All and every information received by the Parties and marked Confidential Information hereto shall be assumed to be Confidential Information unless otherwise proved. It is further agreed that the information relating to the Service Recipient and its customers is deemed confidential whether marked confidential or not.

All payments for every Transaction conducted in the use of Services shall be made by You to ISG on a monthly basis. You shall ensure that all payments and dues are paid within a period of 7 days post receipt of such invoice by the Service Recipient. In case of there being any dispute that may arise with regards to the invoice(s) raised, it shall be Your responsibility to raise such query with ISG within 3 days from the receipt of such invoice, failing which such invoices shall be deemed accepted You.

The Service Recipient shall pay when due or if necessary, reimburse the ISG for all taxes including but not limited to GST, resulting from any activities under this Agreement.

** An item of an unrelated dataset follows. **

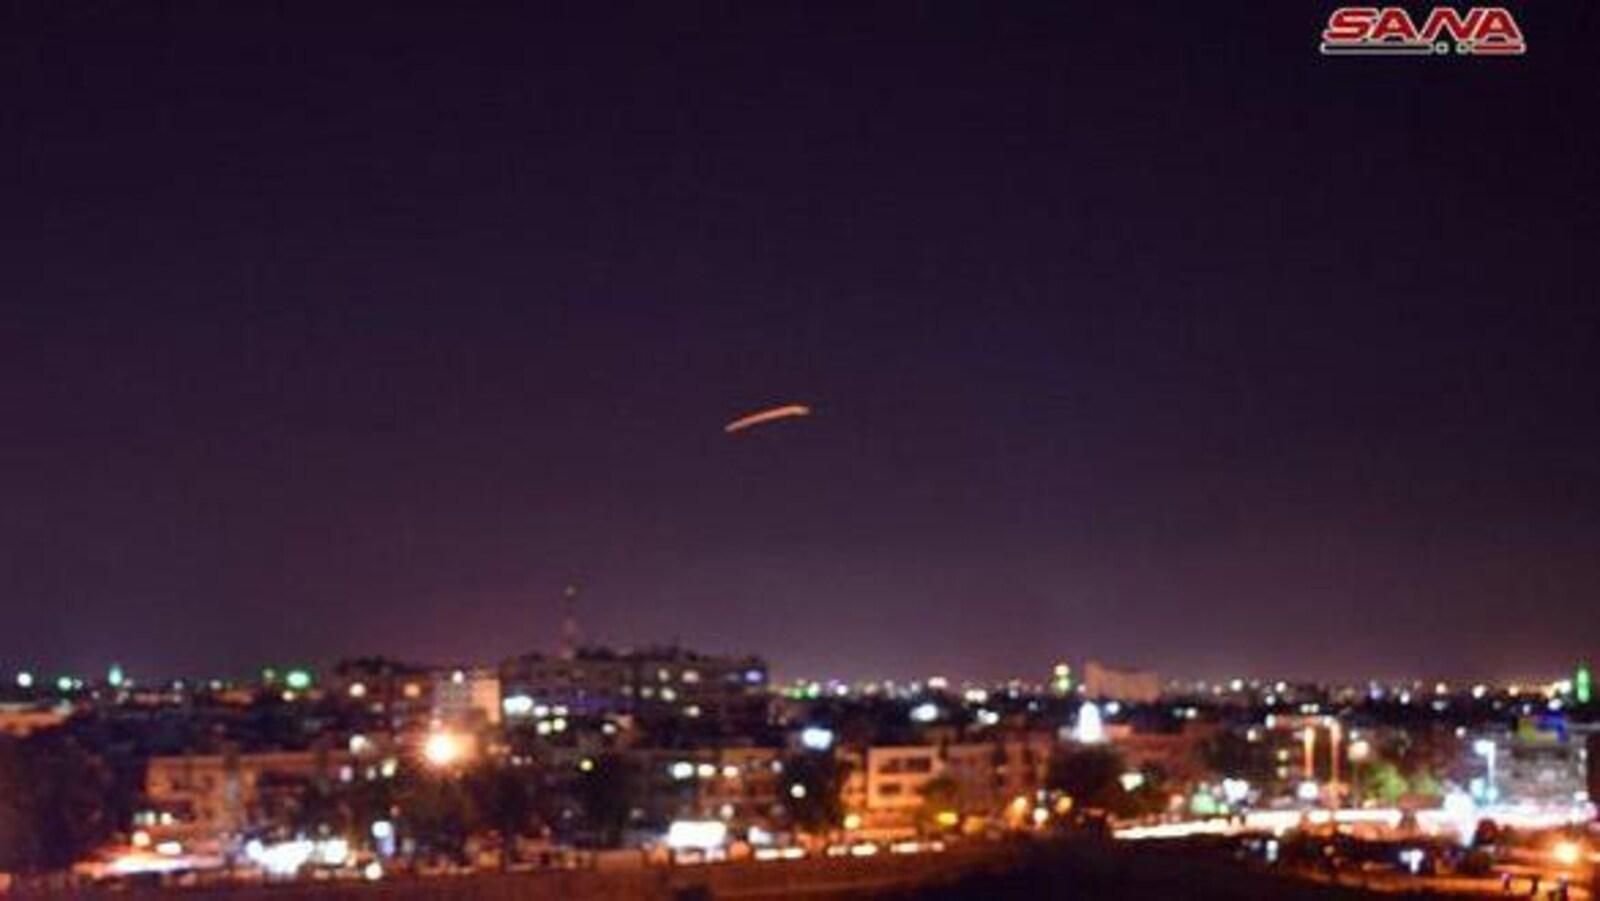 Damas est éclairée par les lumières de la ville. En pleine nuit, un tir de missile est visible dans le ciel, au loin.

The Services offered by ISG are provided on “as is” basis and the ISG disclaims all direct, indirect, and consequential warranties of any kind express or implied including warranties of merchantability, compatibility, applicability, usability and appropriateness, fitness for a particular purpose, accuracy and any warranties that may arise during the term of services.
This shall include damage of any kind, including, without limitation, lost income, lost profits, present and future, the cost of cover, or loss of use regardless of whether such liability is based on the breach of contract, breach of negligence, intentional or unintentional tort, strict liability, violation of statute, ordinance or regulation, failure of consideration or other basis, arising out of the provisions of the Service.
ISG further disclaims any warranty in the services, or the operation of services being accurate, error-free or uninterrupted.

  • Exclusivity : This Arrangement entered between the Parties shall not be exclusive in nature.
  • Assignment: Neither party shall assign its rights nor obligations under this Agreement without the prior consent of the other party, however, such consent shall not be unreasonably withheld. Notwithstanding the above, no consent shall be required for any assignment to a parent corporation or wholly owned subsidiary of a party, or any wholly owned subsidiary or division of that parent corporation. Subject to the above, the terms of this Agreement shall be binding upon and shall ensure to the benefit of the parties and their respective heirs, successors, and assigns.
  • Legal Capacity: The Parties represent and warrant that they have the full right, power, legal capacity and authority to enter in to and perform its obligations under this Agreement and that those obligations shall be binding without the approval of any other person or entity. Each person signing this agreement on behalf of a Party represents and warrants that he has full right, power, legal capacity and authority to sign this Agreement on behalf of that Party.
  • Relationship: This Agreement is not intended by the parties to constitute, or create a joint venture or partnership of any kind. The Parties shall be deemed to be independent contractors and the employees, of one shall not be deemed to be the employees of the other. Neither party shall have authority to bind the other except to the extent authorized herein.
  • Sub-contracting: That ISG shall intimate the Service Recipient if it sub-contracts any part of its arrangement to a third party for the performance of its obligations under this Agreement.